此外,把 already-deleted page放到FSM文件中不会改变页的状态,这只是为了快速找到可用空闲页。
Prior to PostgreSQL 14, VACUUM would only place old deleted pages that it encounters during its linear scan (pages deleted by a previous VACUUM operation) in the FSM. Newly deleted pages were never placed in the FSM, because that was assumed to always be unsafe. PostgreSQL 14 added the ability for VACUUM to consider if it’s possible to recycle newly deleted pages at the end of the full index scan where the page deletion took place
在PG14以前,第一次vacuum产生的deleted pages不会被放到FSM,只有“旧”的deleted pages才会被放到FSM文件中。 在PG14之后,第一次vacuum也会考虑将deleted pages放到FSM中。
测试(我的版本是pg13): 上面的tab2测试刚跑了一次vacuum,虽然已经产生了deleted pages,但是索引没有对应的FSM文件:
lzldb=> select * from pg_relation_filepath('idx_tab2_a');
pg_relation_filepath
----------------------
base/16384/16437
[postgres@lzlhost data]$ ll base/16384/16437*
-rw------- 1 postgres postgres 81920 Apr 5 11:04 base/16384/16437此时再跑一次vacuum:
lzldb=> vacuum tab2;
[postgres@lzlhost data]$ ll base/16384/16437*
-rw------- 1 postgres postgres 81920 Apr 5 11:04 base/16384/16437
-rw------- 1 postgres postgres 24576 Apr 5 15:52 base/16384/16437_fsm索引立即产生了fsm文件。
流程图:索引膨胀和清理#
请注意:
- 下图不包含表的fsm、vm信息
- 下图不包含deduplication信息
- 版本为pg13

fillfactor#
以上讲了各种pg内核支持的方式以减少索引膨胀,出这些我们基本不需要参与的方式,还可以调整表和索引的fillfactor来控制膨胀问题。

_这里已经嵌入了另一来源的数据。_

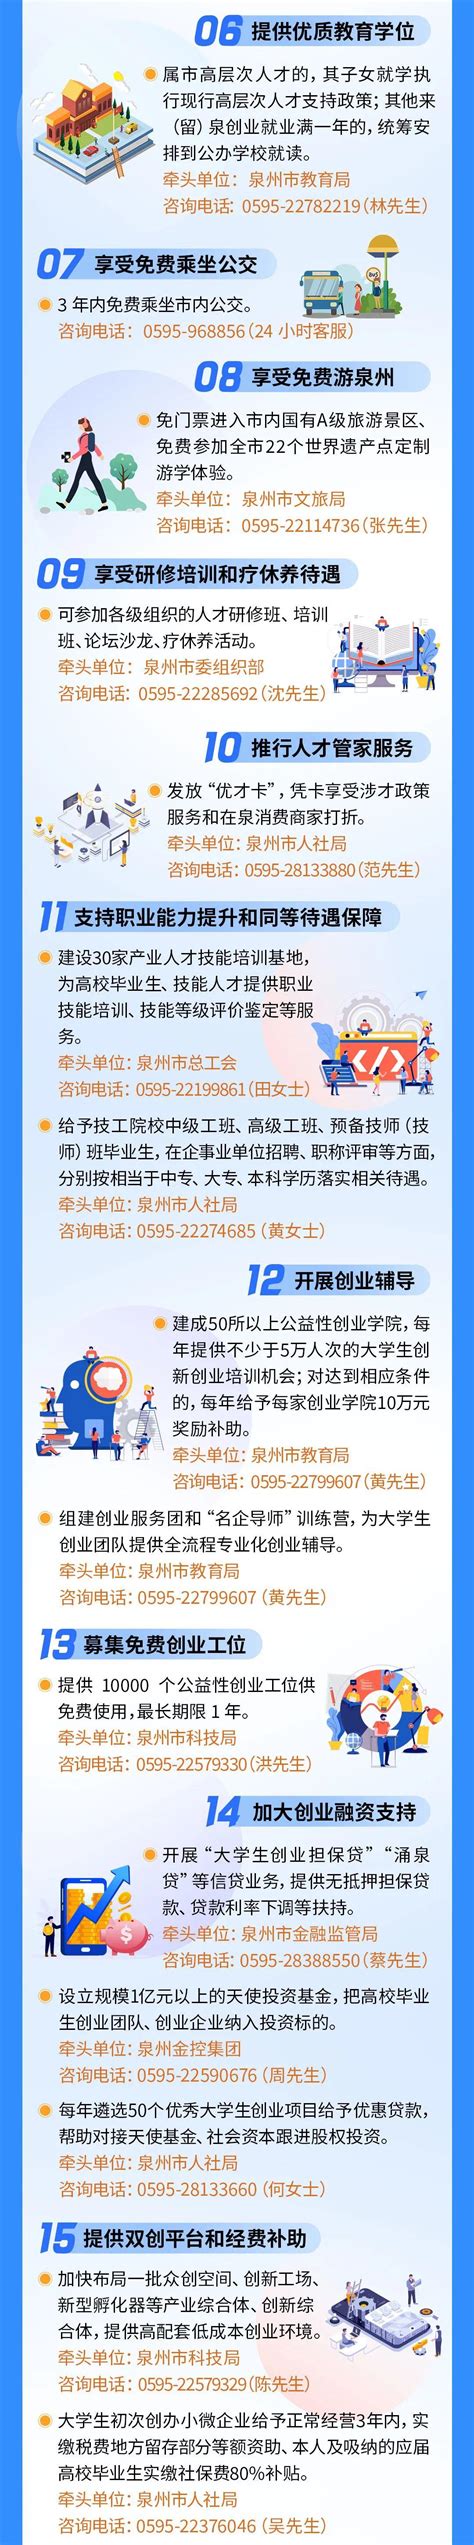 2017中国卡通形象营销大会泉州峰会召开
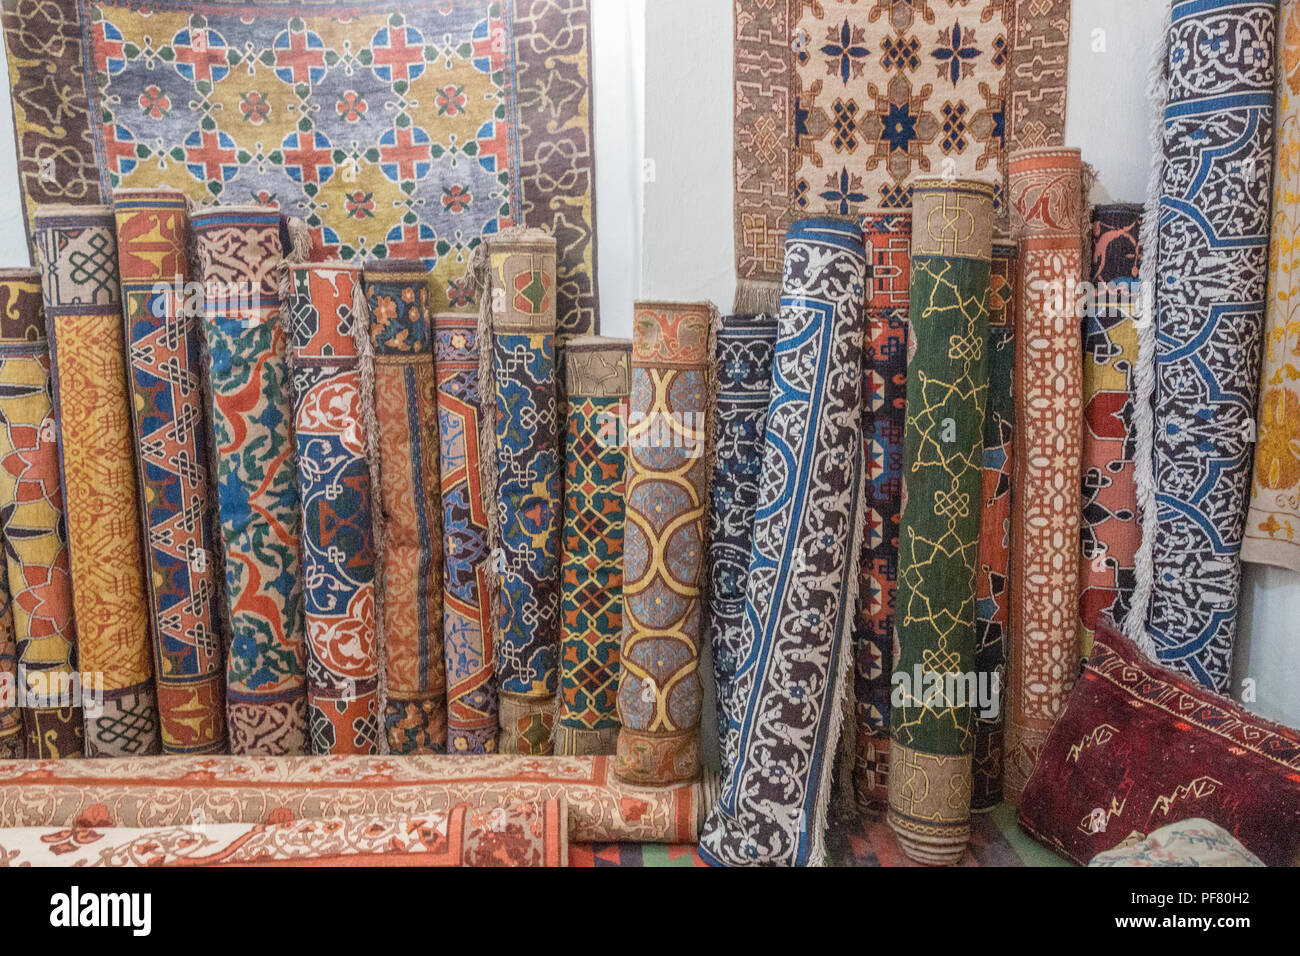 Traditionelle Teppiche in einer Werkstatt in Chiwa Usbekistan,  Seidenstraße, Zentralasien Stockfotografie - Alamy

fillfactor相当于表或索引的水位线,在INSERT数据时,插入到page的fillfactor线就到下一页去插入。fillfactor本身是为了给update留一定的空间,防止update频繁的去寻找新的page。
虽然表和索引都有fillfactor,他们的目的是一样的(为了update),但是具体细节有很大区别:
- 表:如果表的某个page上还有留有空间,那么update可以在这个page中进行,不需要申请新的page或者到其他有空闲空间的page上去。不仅如此,因为PG 独有的HOT特性,页内更新不会更新索引,当然也就会减缓索引膨胀
- 索引:不同的数据行或者相同数据行的页外更新,会新生成索引条目。fillfactor给索引页留下余量,会极大的减缓索引分离问题。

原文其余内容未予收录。